Train models on raw data while serving features from curated tables. The same platform supports data exploration, feature engineering, model training, and inference serving without data movement.

Power recommendation engines, fraud detection, and predictive analytics using structured, curated data. Traditional AI and ML workloads rely heavily on structured data formats like Parquet tables with defined features and labels. Combine transactional data, behavioral logs, and external datasets in a single queryable layer for model training and inference.

Generative AI

Enable retrieval-augmented generation (RAG) and large language models by working directly with unstructured data stored in the data lake. Generative AI primarily uses raw documents, images, videos, and text for training and inference, rather than structured tabular data.

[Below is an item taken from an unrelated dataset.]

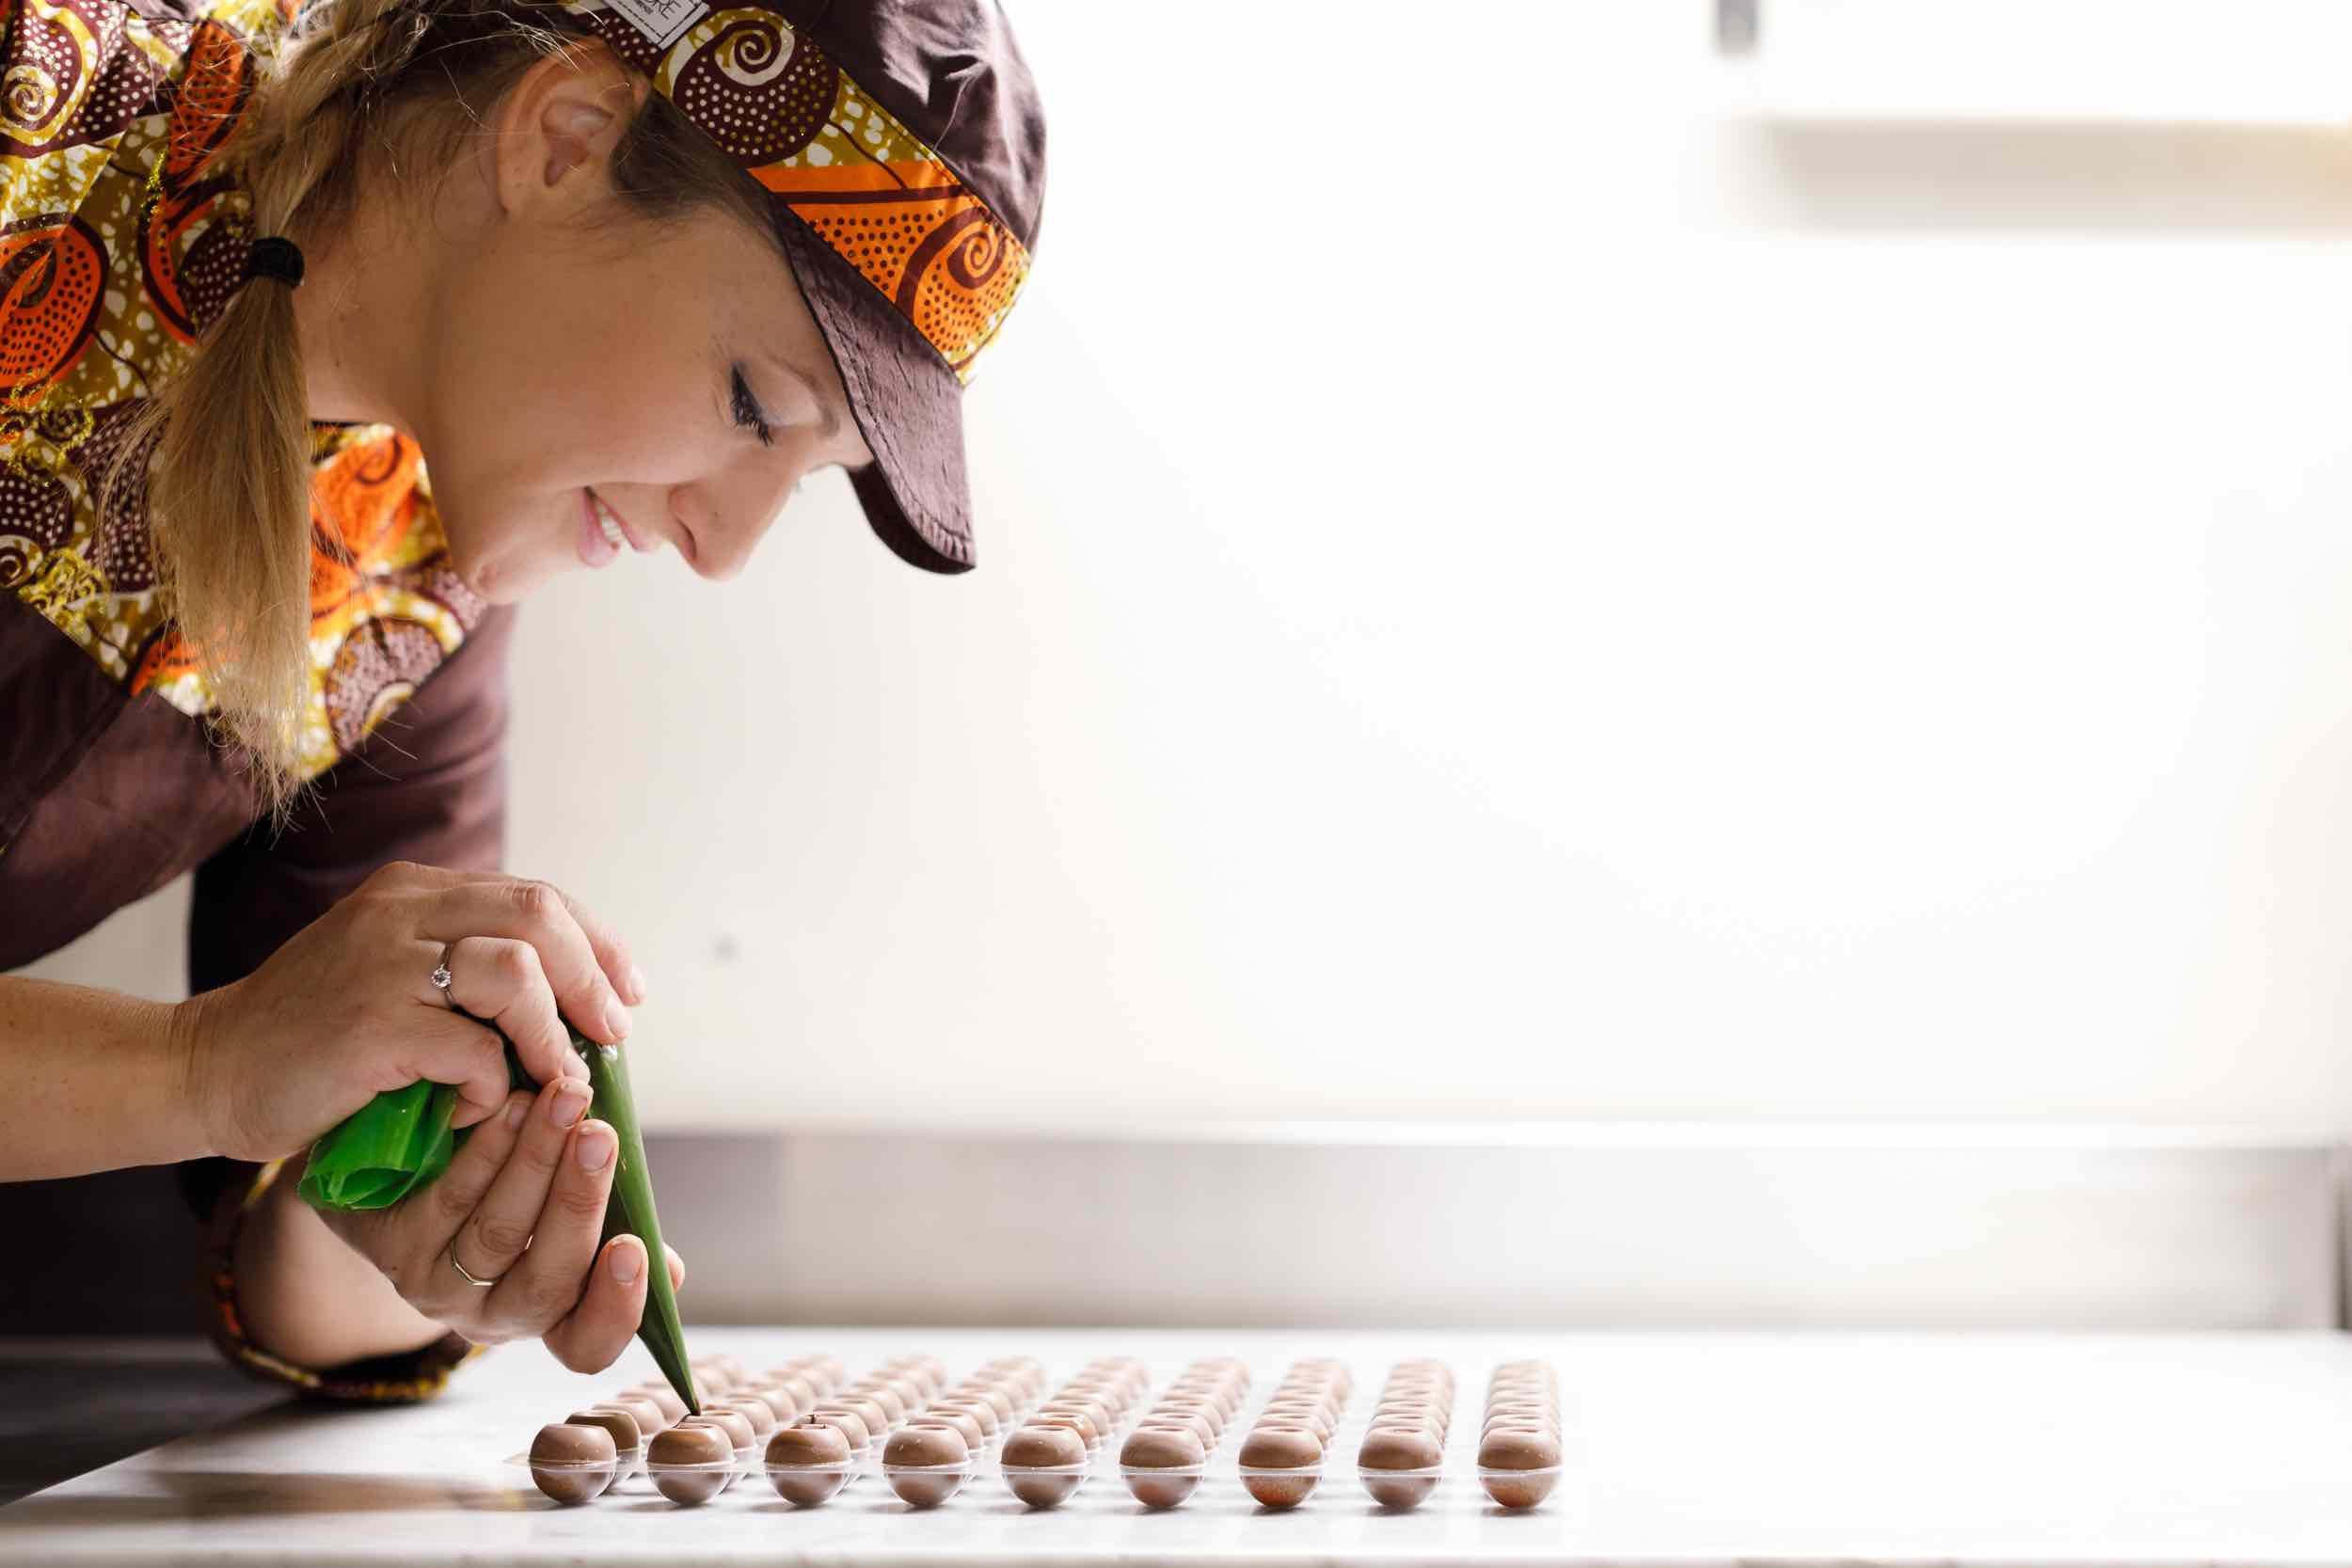 DonaMalina, botteghe di cioccolateria e gelaterie a Firenze, produce deliziose creazione artigianali per gli tutti gli amanti della dolcezza

Store documents alongside vector embeddings and integrate with vector databases for semantic search while maintaining data lineage and governance.

Supporting Technologies for AI:

Feature Stores: Online/offline feature serving (Feast, Tecton)
Vector Databases: Semantic search and embeddings (Pinecone, Weaviate)
ML Orchestration: Workflow management (Airflow, Prefect)

‍

Best Practices for Open Table Format Lakehouses

Architecture Decisions

Choose Iceberg for maximum compatibility and feature richness
Design partitioning strategy based on query patterns
Implement proper data lifecycle management (archival, deletion)
Plan for multi-region replication if needed

Tool Selection

Start with Spark for ETL and Trino for interactive queries
Add specialized engines (Flink for streaming) as needed
Choose catalog based on ecosystem (HMS for Hadoop, Glue for AWS)
Implement proper monitoring and observability

Governance Approaches

Establish data classification and retention policies
Implement column-level access controls
Create data lineage tracking
Document schemas and maintain data dictionaries
Regular data quality monitoring and validation

Performance Optimization

Optimize file sizes (target 100MB-1GB per file)
Use appropriate compression (snappy for hot data, gzip for cold)
Implement proper indexing strategies
Monitor query patterns and optimize accordingly
Regular table maintenance (compaction, cleanup)

‍

Why the Lakehouse Architecture Matters for AI

Traditional architectures forced AI teams into complex data engineering. You'd extract features from a data warehouse, store raw training data in a lake, maintain separate feature stores, and sync everything through brittle pipelines. Schema changes broke downstream models, and reproducing experiments required reconstructing historical data states.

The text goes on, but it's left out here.